I have a rebuilt '72 4 synchro/od trans in my '67 B. For 20 years it has performed flawlessly. However, when I took the car out for a drive the other day the od seems to engage sporadically. The od isolation switch was bypassed 15 years ago, being replaced by a power cutout relay that operates when the reverse lights are powered up thus preventing od engaging in reverse. I checked the wiring and I'm getting power to the solonoid all the time when the switch is on. I even drained the 20w50 oil and tried putting ATF in to no avail. I believe that the unit is operating right at the edge of proper pressure, but without the correct gauge and fittings I can only guess what the pressure is. It sometimes engages normally and other times not at all. I'm in a bit of a quandrey as what to pull apart next. The oil and filter were changed only a year ago and the solenoid checks out as being good. RAY
rjm RAY

My only thought went to experience that I had, and it was electrical, which you appear to have eliminated as a possible cause.

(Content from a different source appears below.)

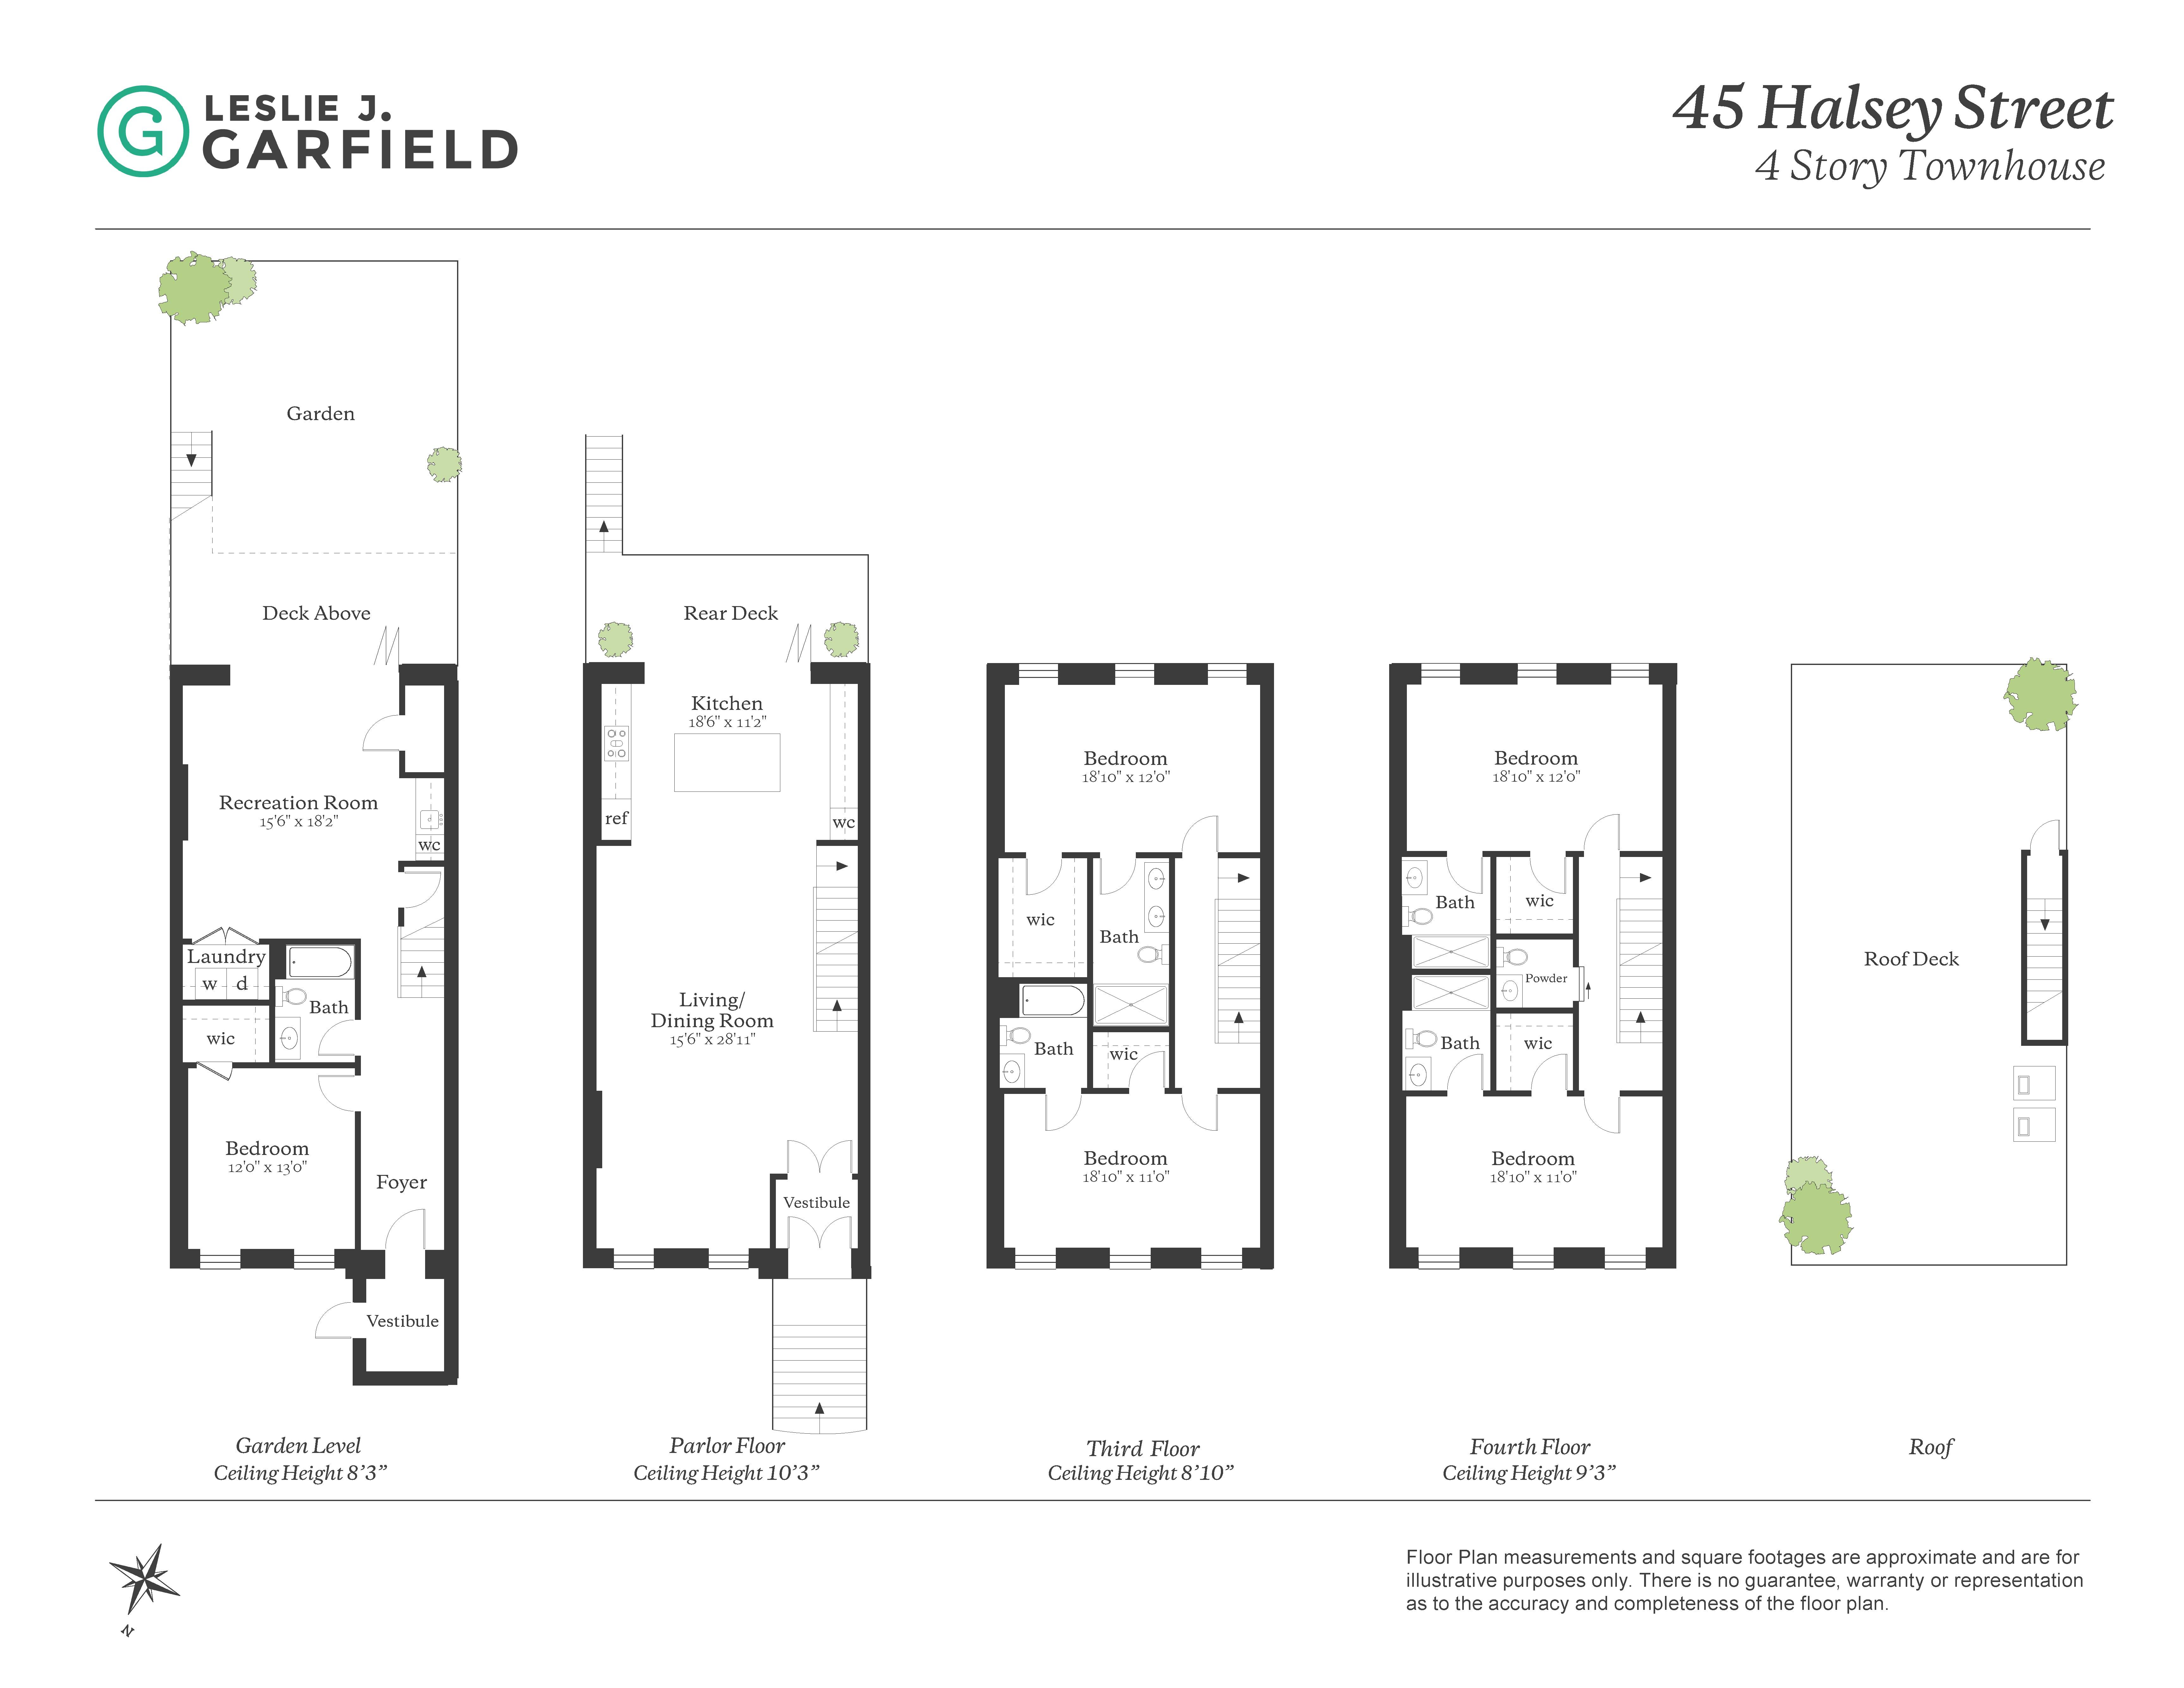 45 Halsey Street - b9717650-7b0f-44d1-97c2-95e8df07873c - New York City Townhouse Real Estate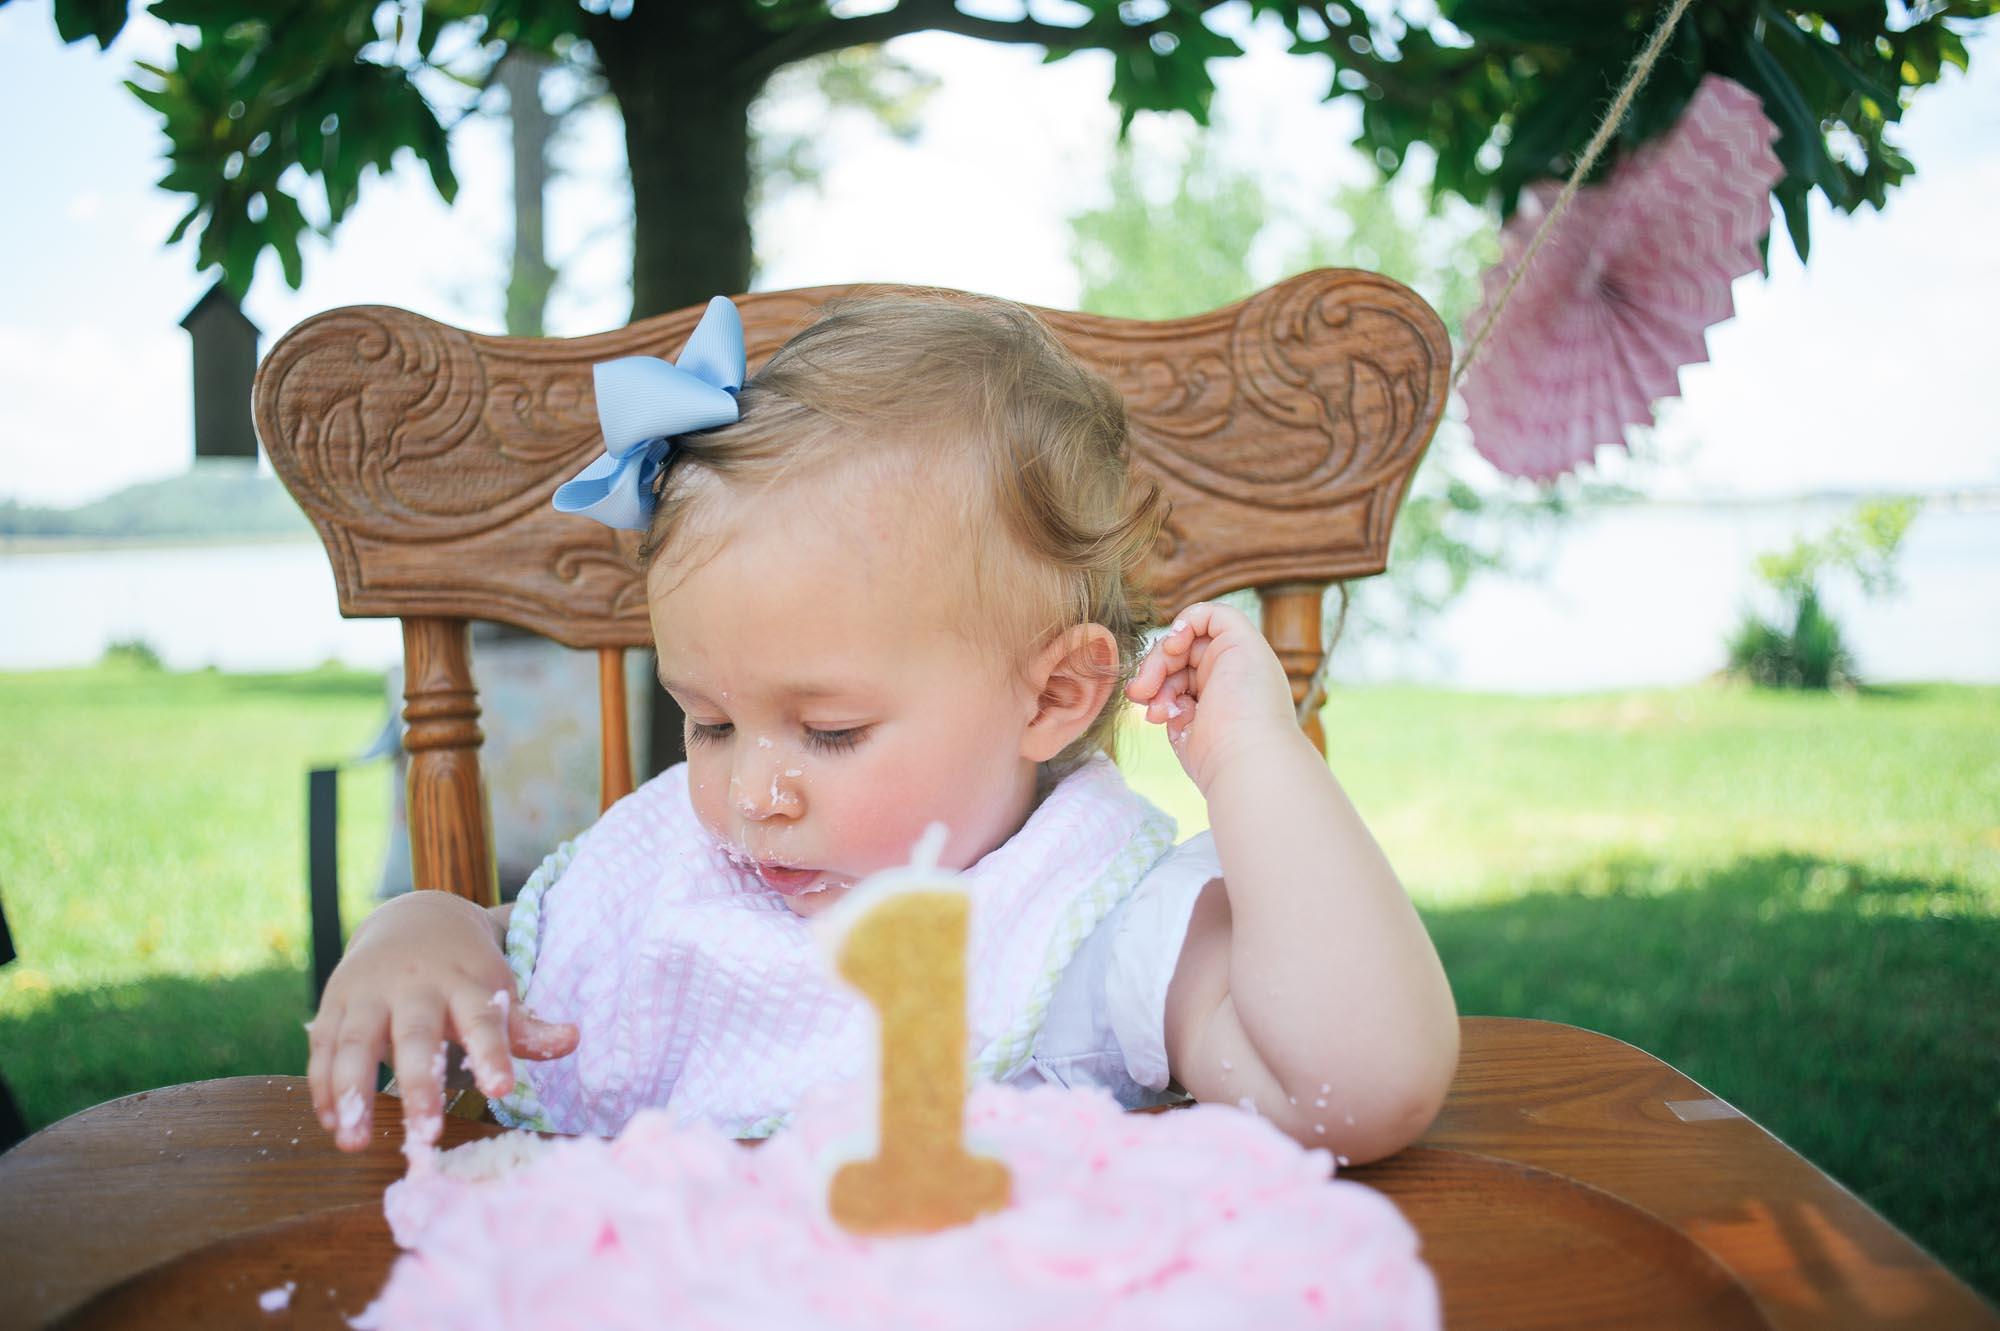 m.newsom-photography-one-year-old-girls-birthday-party-ideas-alice-in-wonderland (40 of 42).jpg

My OD cut in and out or would or would not engage at whim. I finally figured out that the wire going to the OD box on transmission was down to just a strand or two of wire left. I replaced wire and it has been fine since. Wire looked fine, but when really getting in there with a light, I finally saw the reduced number of strands being connected.

Good luck.
R.W Anderson

Mine had a similar problem. Cut the wire back to where it was solid and soldered a new wire in place. No change. RAY
rjm RAY

This is one of those rare occasions when an ammeter in series with the solenoid supply is useful - if you see the correct current (about 800mA) but the ratio hasn't changed then the problem is mechanical or hydraulic. You can remove the solenoid - looking out for the little ball-bearing that should be on the top - and check the plunger is free in the solenoid, and lightly tap the ball onto its seat with a hammer and drift, but other than that you won't really know more until you put a pressure gauge on it 400-420psi at 30mph.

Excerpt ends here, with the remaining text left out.